Uygulamada COVID-19 virüsüne yönelik alınan tedbirler kapsamında en çok karşılaşılan kişilerin kişisel sağlık verilerinin toplanıp işlenmesi yönündedir. Kişisel sağlık verileri bilindiği üzere 6698 sayılı Kişisel Verilerin Korunması Kanunu’nun 6. Maddesinin 3. fıkrasında “Sağlık ve Cinsel Hayata İlişkin Kişisel Veriler ise ancak kamu sağlığının korunması, koruyucu hekimlik, tıbbi teşhis, tedavi bakım hizmetlerinin yürütülmesi, sağlık hizmetleri ile finansmanının planlanması ve yönetimi amacıyla, sır saklama yükümlülüğü altında bulunan kişiler veya yetkili kurum ve kuruluşlar tarafından ilgilinin açık rızası aranmaksızın işlenebilir.” şeklinde düzenlenmiştir. Bu kapsamda kişisel sağlık verilerinin kanunda açıkça öngörülme durumunda dahi işlenemeyeceği ancak ve ancak kanun metninde belirlenen sebepler ile sır saklama yükümlülüğü altında bulunan kişiler tarafından işlenebileceği açıktır.

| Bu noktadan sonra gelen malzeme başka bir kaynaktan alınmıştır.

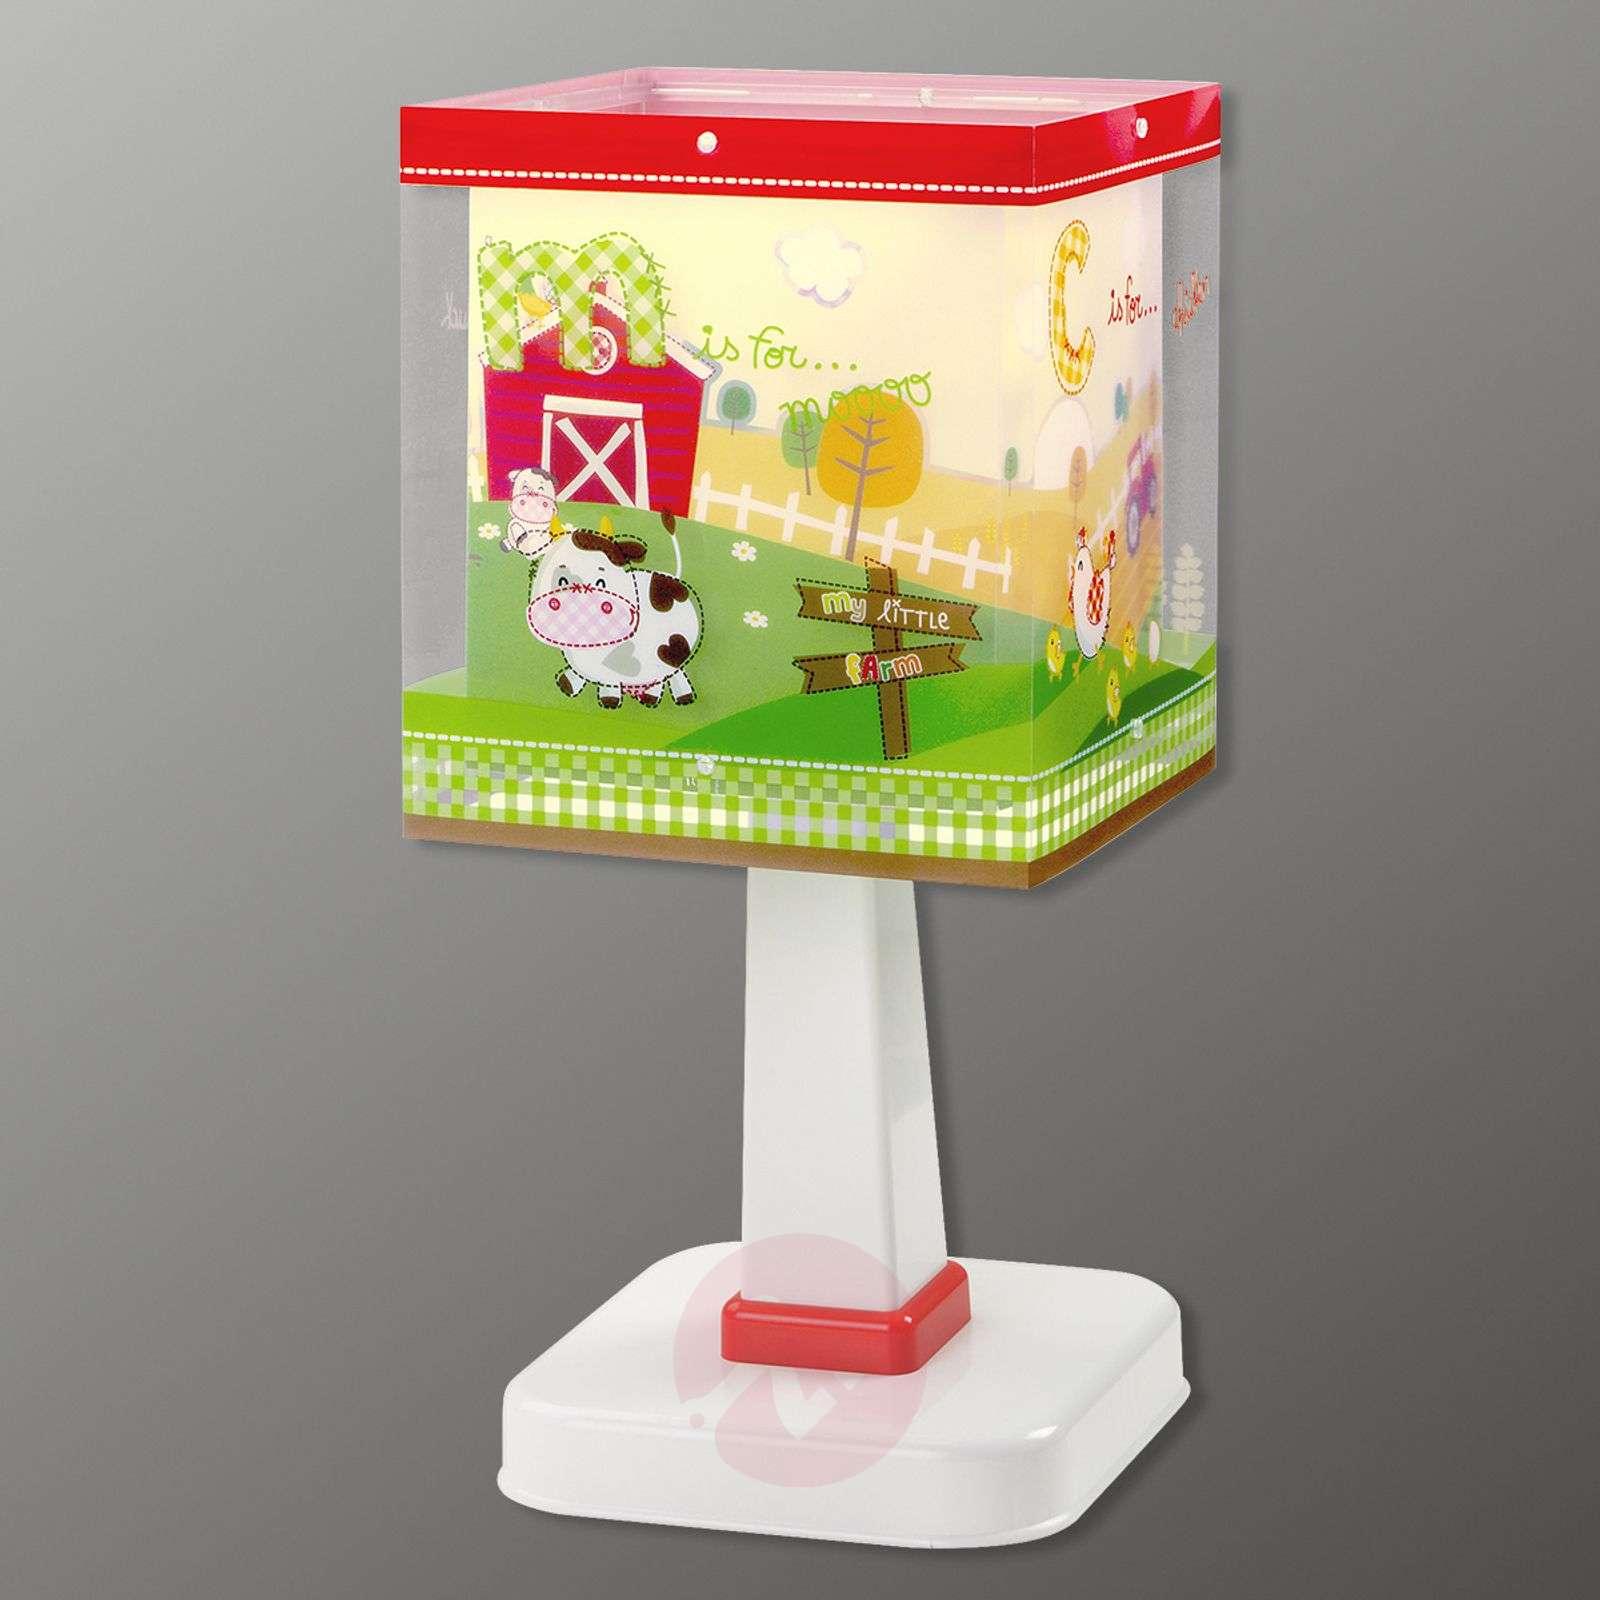 My Little Farm childrens table lamp-2507352-01

Her ne kadar kanunda ya da ikincil mevzuatlarda sır saklama yükümlülüğü altında bulunan kişiler açıkça belirtilmese de bir kişinin COVID-19 virüsüne ait belirtileri taşıyıp taşımadığına dair bilgileri, kişinin kişisel sağlık verisi olması nedeniyle sadece ilgili kişinin açık rızası olması halinde ya da kamu sağlığının korunması, tedavi hizmetlerinin yürütülebilmesi gibi amaçlarla bir hekim veya hastane tarafından kişinin açık rızası aranmaksızın işlenebileceği açıkça ortadadır.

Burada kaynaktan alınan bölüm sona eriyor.